Once the intake officers complete the Initial Classification/Temporary Cell Assignment form, the computer booking officer enters the information into the jail’s “Offendertrak” computer system, and then assigns the inmate to either general population or a specific mental health observation status. The officer assigns the inmate to a heightened observation status based on inmate need, current pending charges, inmate legal status, predatory risk, current physieal/mental health, and suicide risk factors. If the inmate demonstrates a high risk for self-harm or a desire or intent to commit suicide, the officer refers the inmate to the mental health staff and places the inmate in one of three observation statuses: (1) “High Observation,”2 if the inmate is actively suicidal; (2) “Close Observation,”3 if the inmate is not actively suicidal but has a recent history of suicide attempts; or (3) “Suicide Caution,” if the inmate has been suicidal or indicated an intent to harm themselves in the past.
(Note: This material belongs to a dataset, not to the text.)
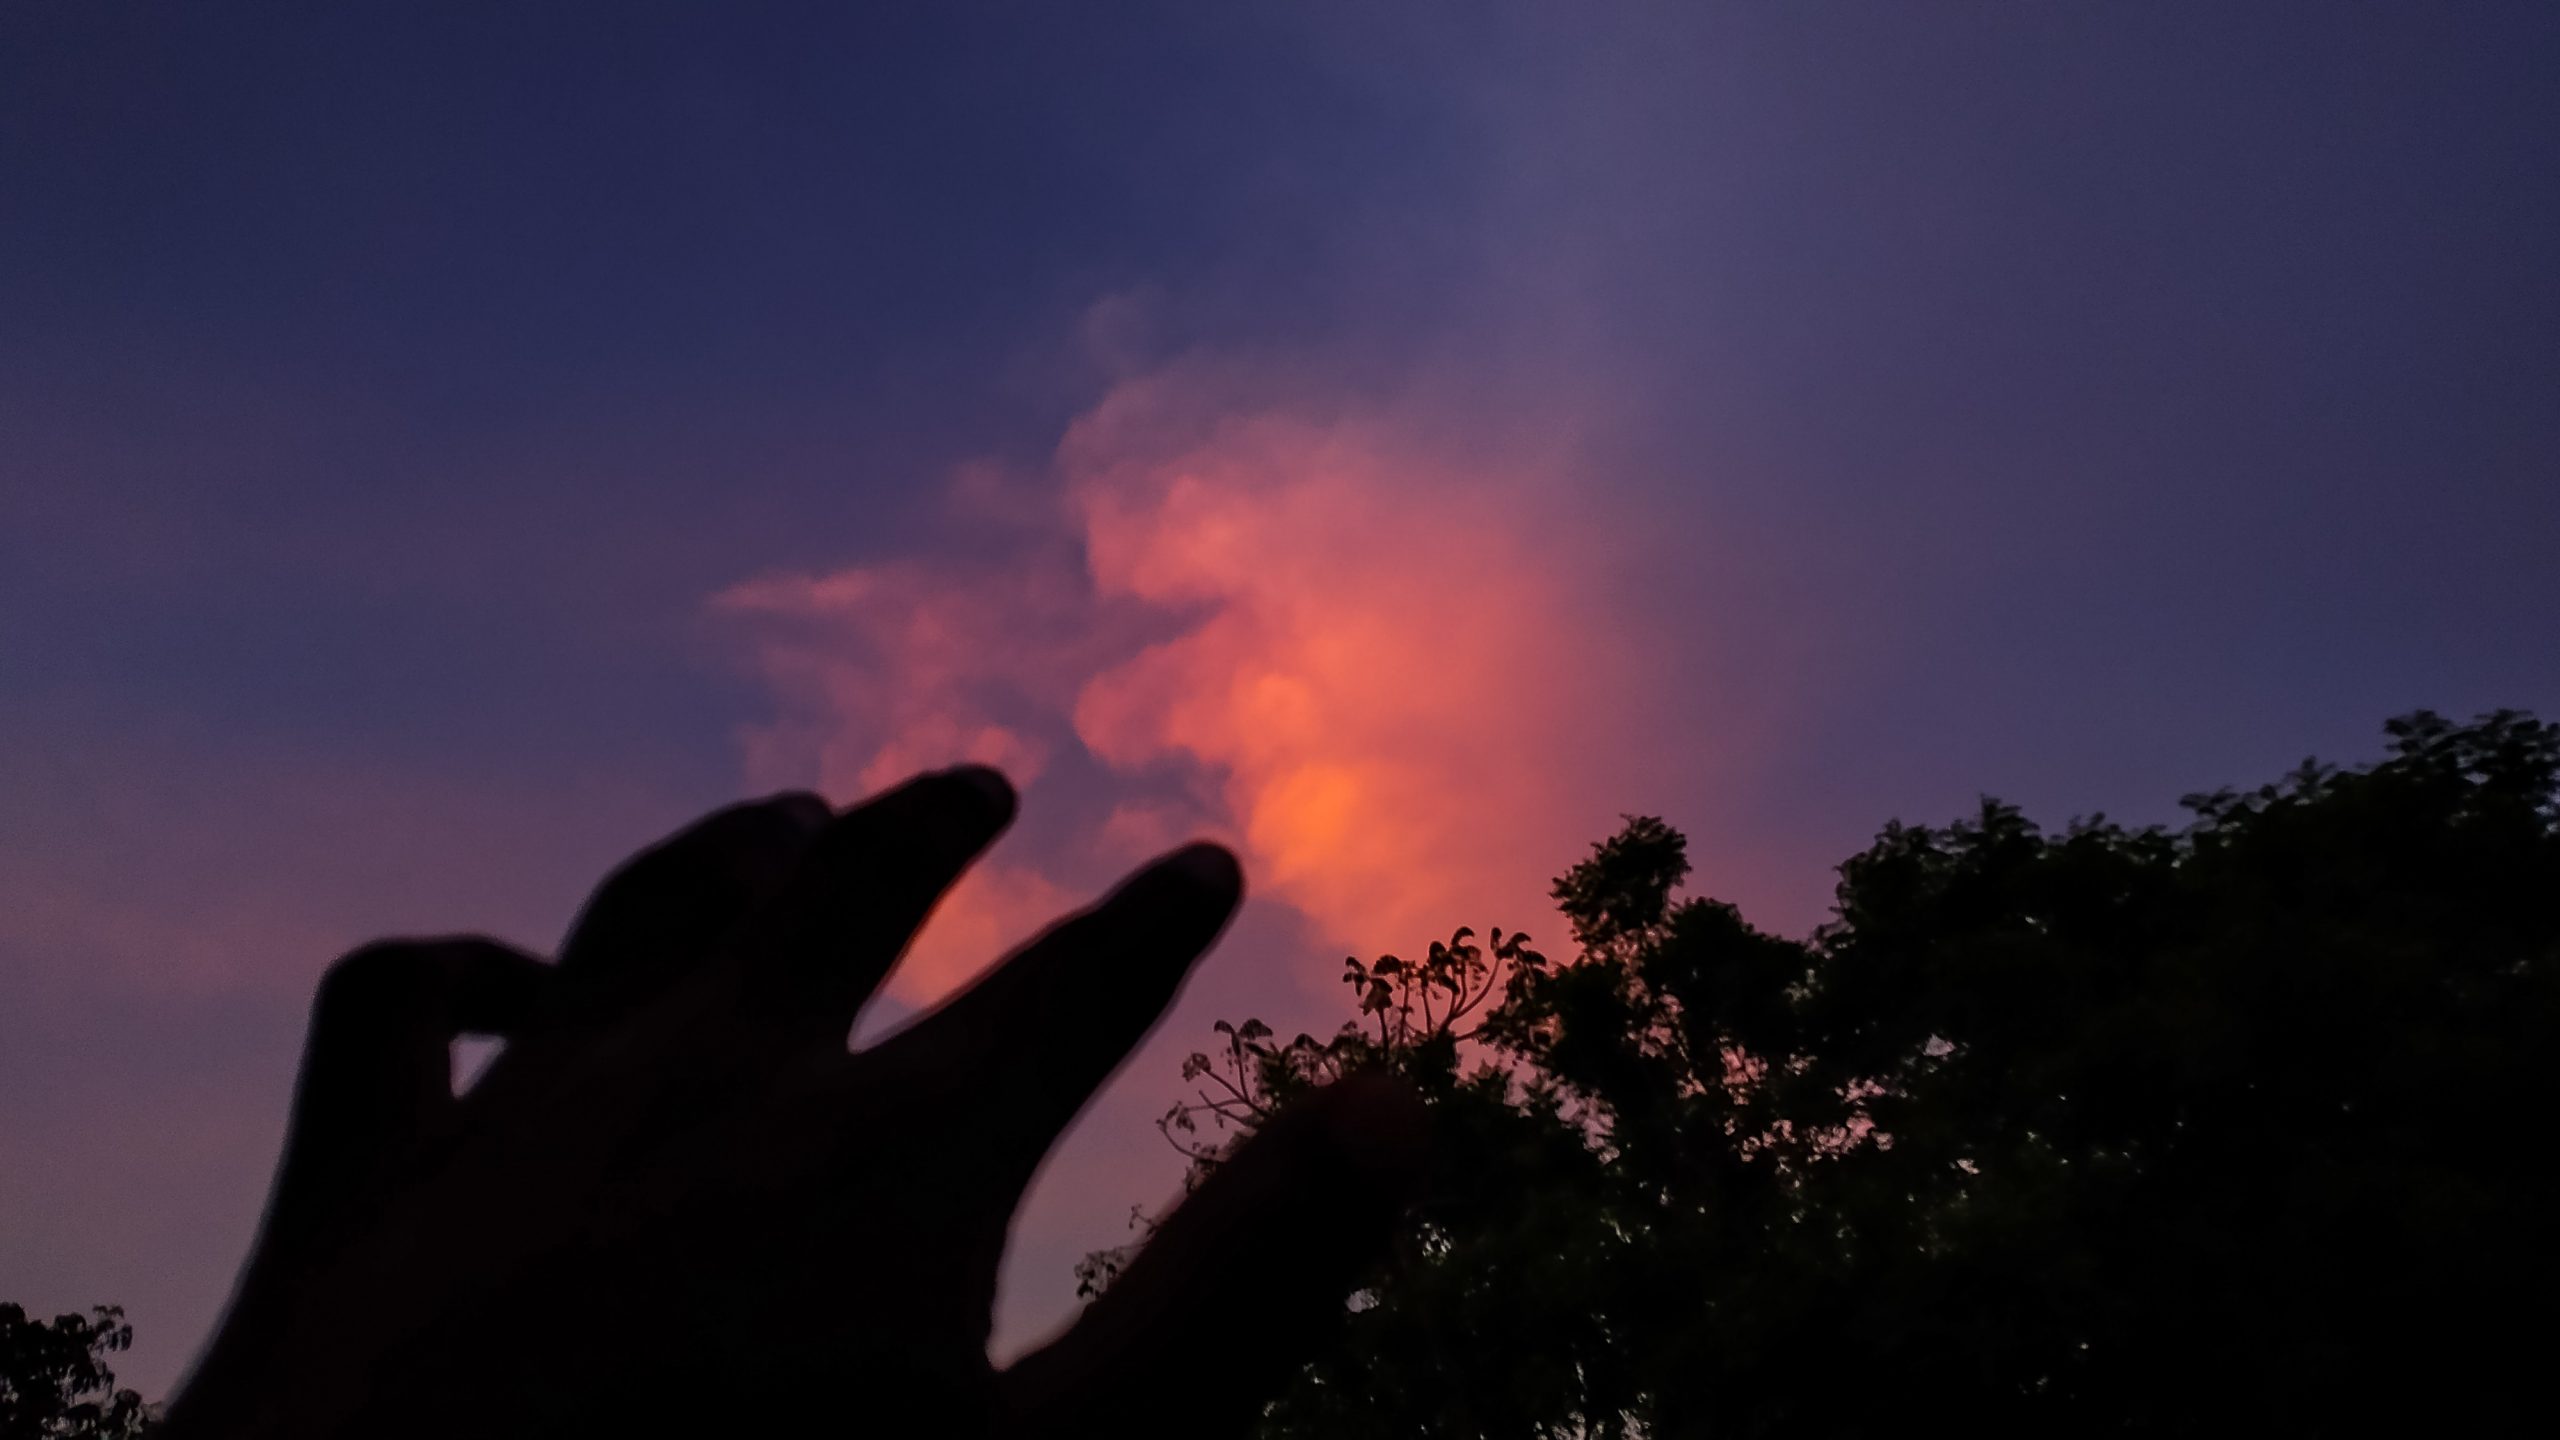 Sky portrait during sunset

After intake, a member of the health services staff screens all prisoners for both physical and mental health concerns. If the health services staff deems the prisoner to be a suicide risk, the staff member places the inmate in a High Observation cell with a “Suicide Caution” status. After the initial classification determination by the intake officers and health services staff, a more detailed, primary classification analysis by a Classification Officer will occur within seventy-two hours of arraignment. No inmate placed under High or Close Observation had committed suicide while at the jail prior to Prochnow’s incarceration. Four jail inmates placed in the general population committed suicide in the year proceeding Prochnow’s suicide.
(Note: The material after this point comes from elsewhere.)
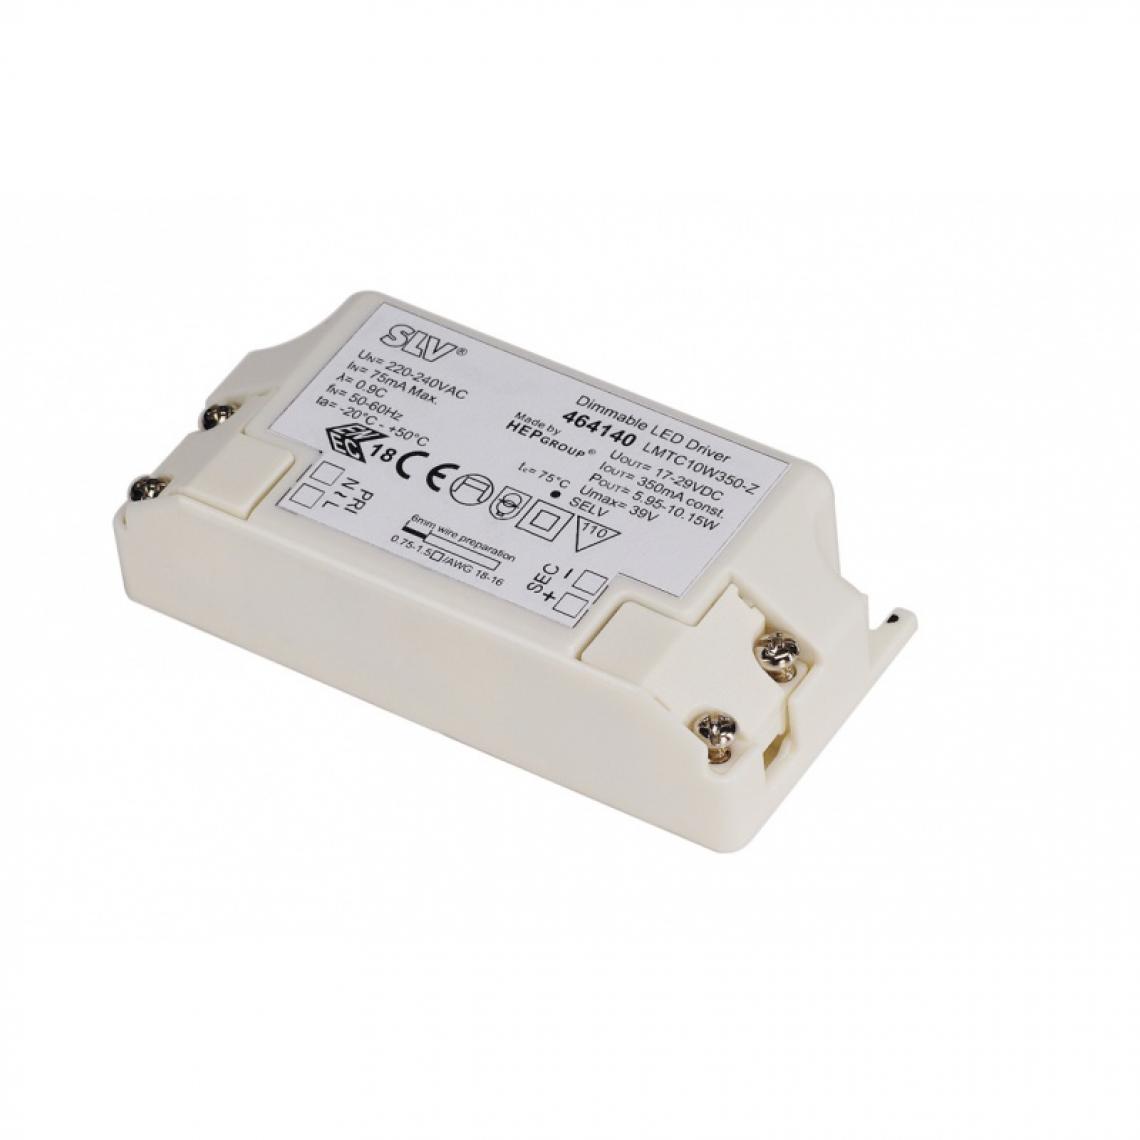 Slv - ALIMENTATION LED 10W, 350mA, serre-câble inclus, variable - Convertisseurs

All corrections deputies receive suicide prevention training during Corrections Academy. This includes instruction on identifying warning signs and risk factors for suicide and discussion of specific jail policies enacted to prevent suicide. Deputies must receive at least one hour of refresher suicide prevention training each year. All staff members are trained in CPR and first aid.

C

Prochnow arrived at the jail at approximately 2:25 PM on August 13. Deputies Beverly Puchovan and Amy Franks processed Prochnow at intake. Puchovan and Franks frequently worked together at intake processing, with Puchovan at the front window as the initial intake officer and Franks at the computer stations behind the front window as the computer booking officer. Over time, Franks and Puchovan developed an informal “good to go” system for intake screening. First, [304]*304Puchovan patted-down inmates upon arrival to search for contraband. Then, Pucho-van asked the inmate variations of three of the required screening questions: (1) Have you been to this jail previously?; (2) Have you ever attempted suicide?; and (3) Do you feel like you want to hurt yourself now? If the inmate answered “no” to the last two questions, Puchovan informed Franks that the inmate was “good to go” and not a suicide risk. Franks would then complete the Initial Classification/Temporary Cell Assignment form and assign the inmate to general population without directly interviewing the inmate. If the inmate answered “yes” to either of Pucho-van’s final two questions, Franks would place the inmate on High Observation, again without further inquiry.